** Exercise **
Skip every picture, and output exactly the lines starting at the one with "covid 19 - Lenti" and running through the last line of the material below.

** Provided material **
======

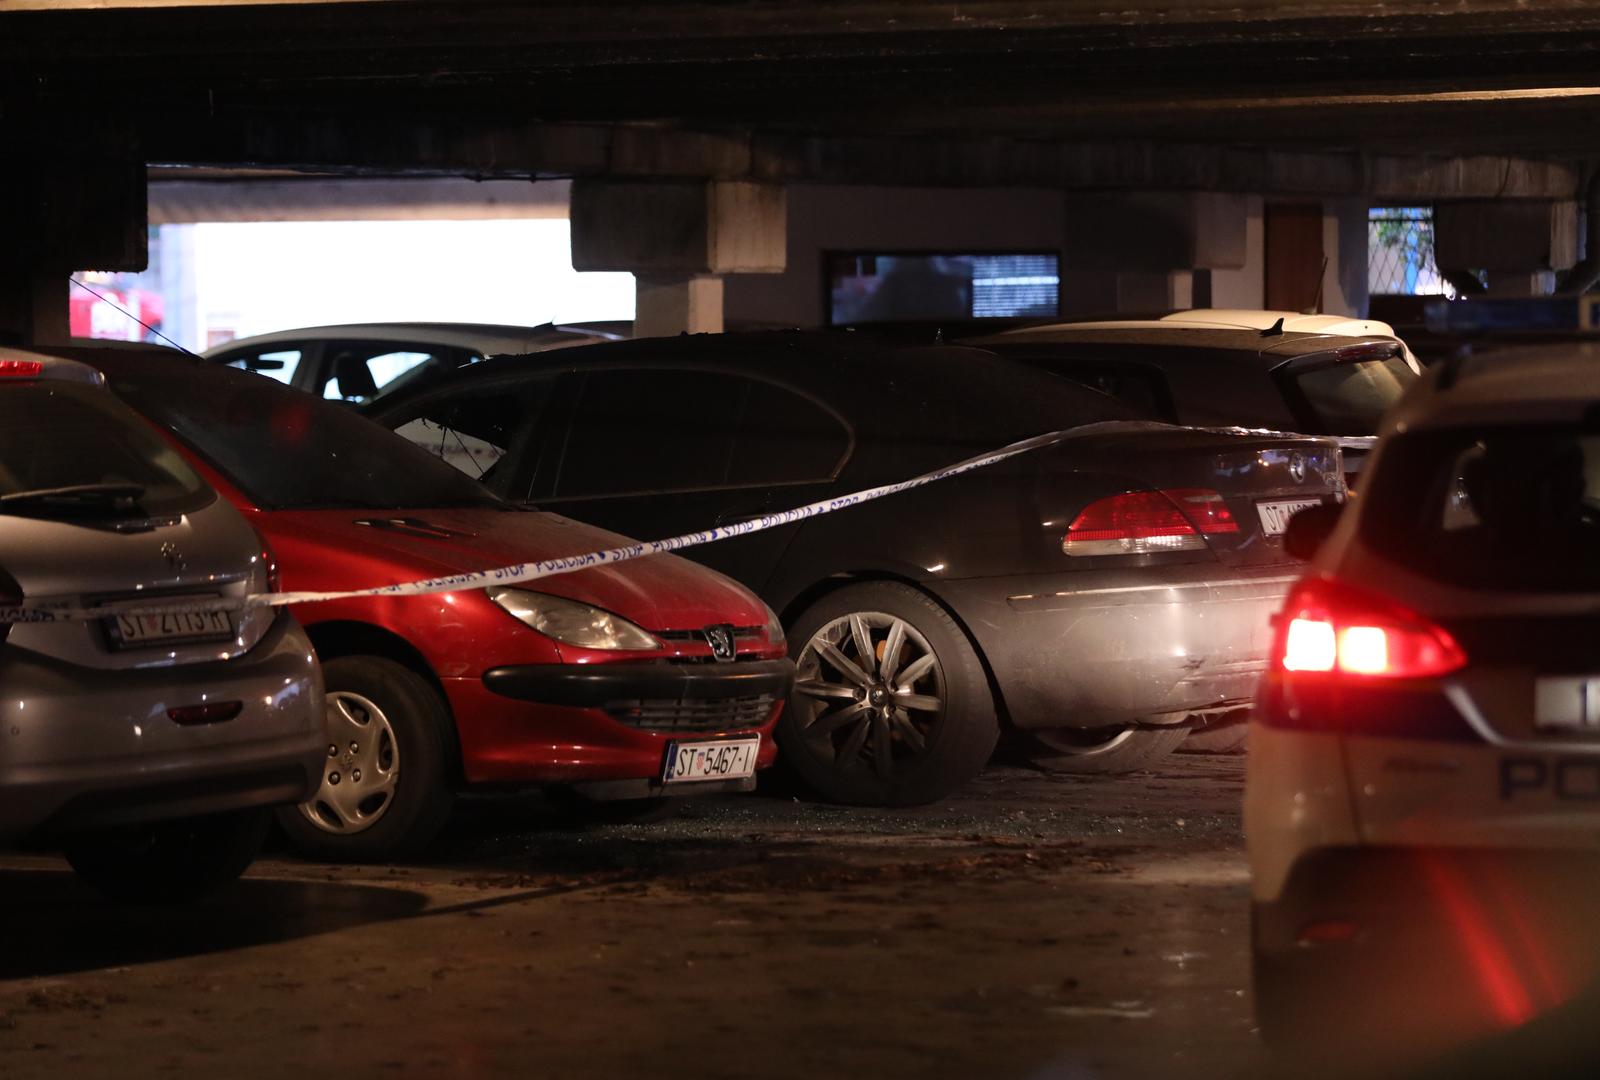 29.12.2021., Split - Tijekom noci ponovo su gorjela vozila u garazi na Pujankama. Policija osigurva mjesto pozara do pocetka ocevida. Photo: Ivo Cagalj/PIXSELL
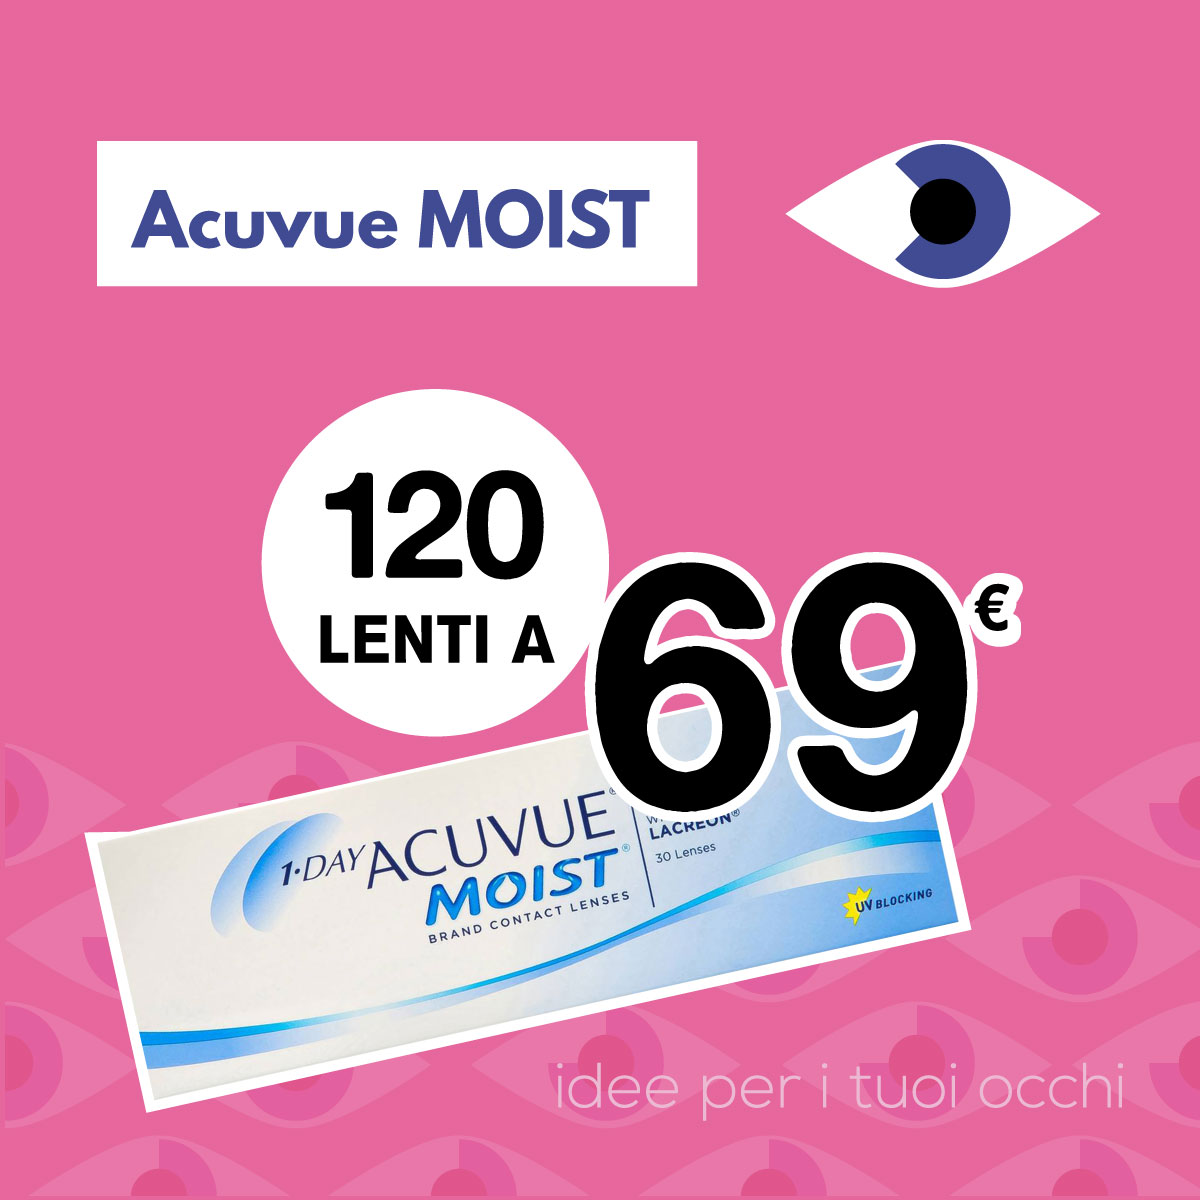 covid 19 - Lenti a contatto moist one day promozione centro ottico progettovista idee per i tuoi occhi
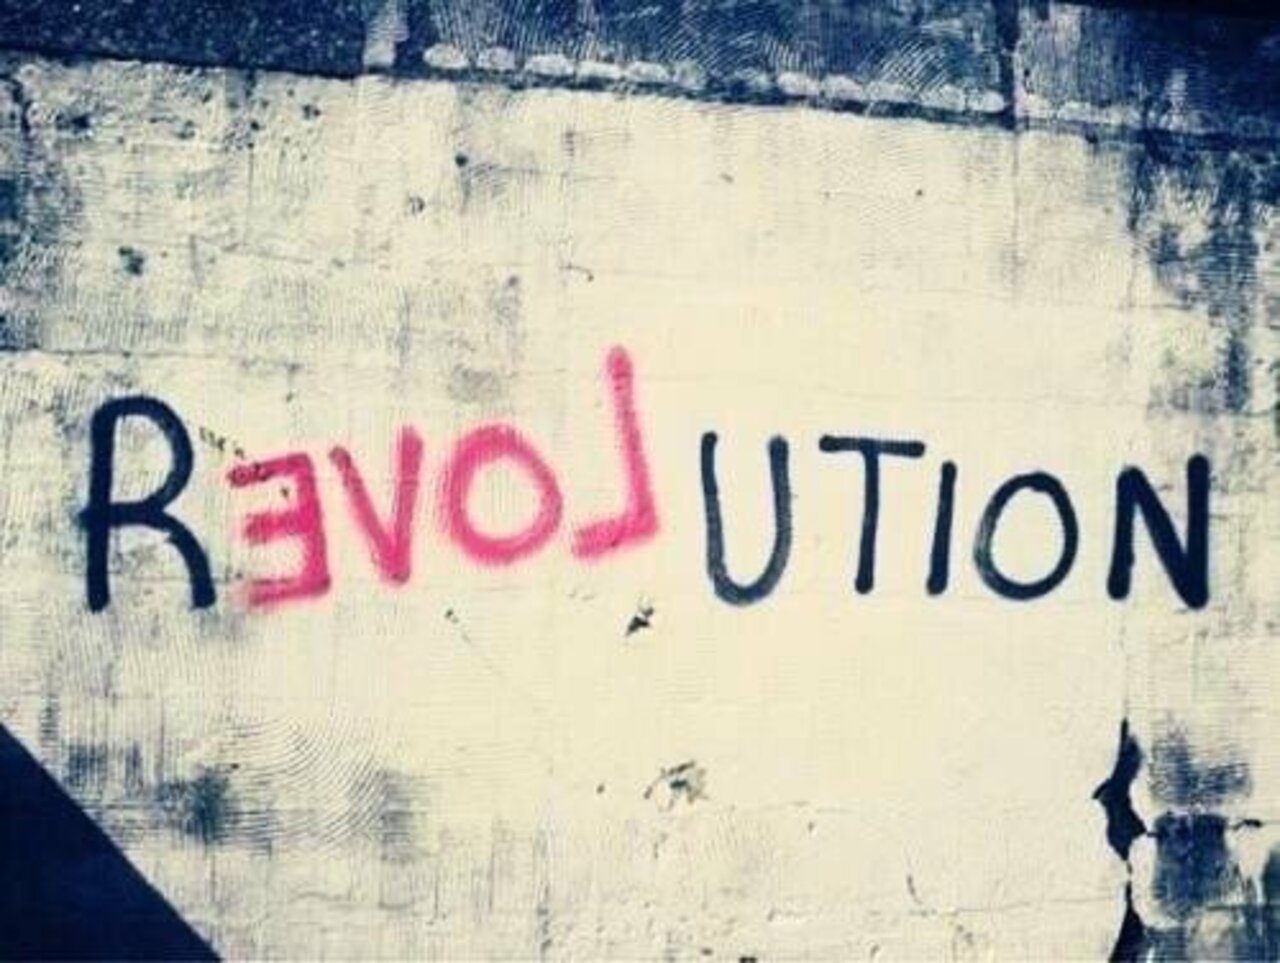 #Love Revolution – #Creative #StreetArt – Be ▲rtist – Be ▲rt Magazine https://beartistbeart.com/2016/12/02/love-revolution-creative-streetart/?utm_campaign=crowdfire&utm_content=crowdfire&utm_medium=social&utm_source=twitter https://t.co/a9UCM2Iq61

======

** Expected answer **
 covid 19 - Lenti a contatto moist one day promozione centro ottico progettovista idee per i tuoi occhi
 #Love Revolution – #Creative #StreetArt – Be ▲rtist – Be ▲rt Magazine https://beartistbeart.com/2016/12/02/love-revolution-creative-streetart/?utm_campaign=crowdfire&utm_content=crowdfire&utm_medium=social&utm_source=twitter https://t.co/a9UCM2Iq61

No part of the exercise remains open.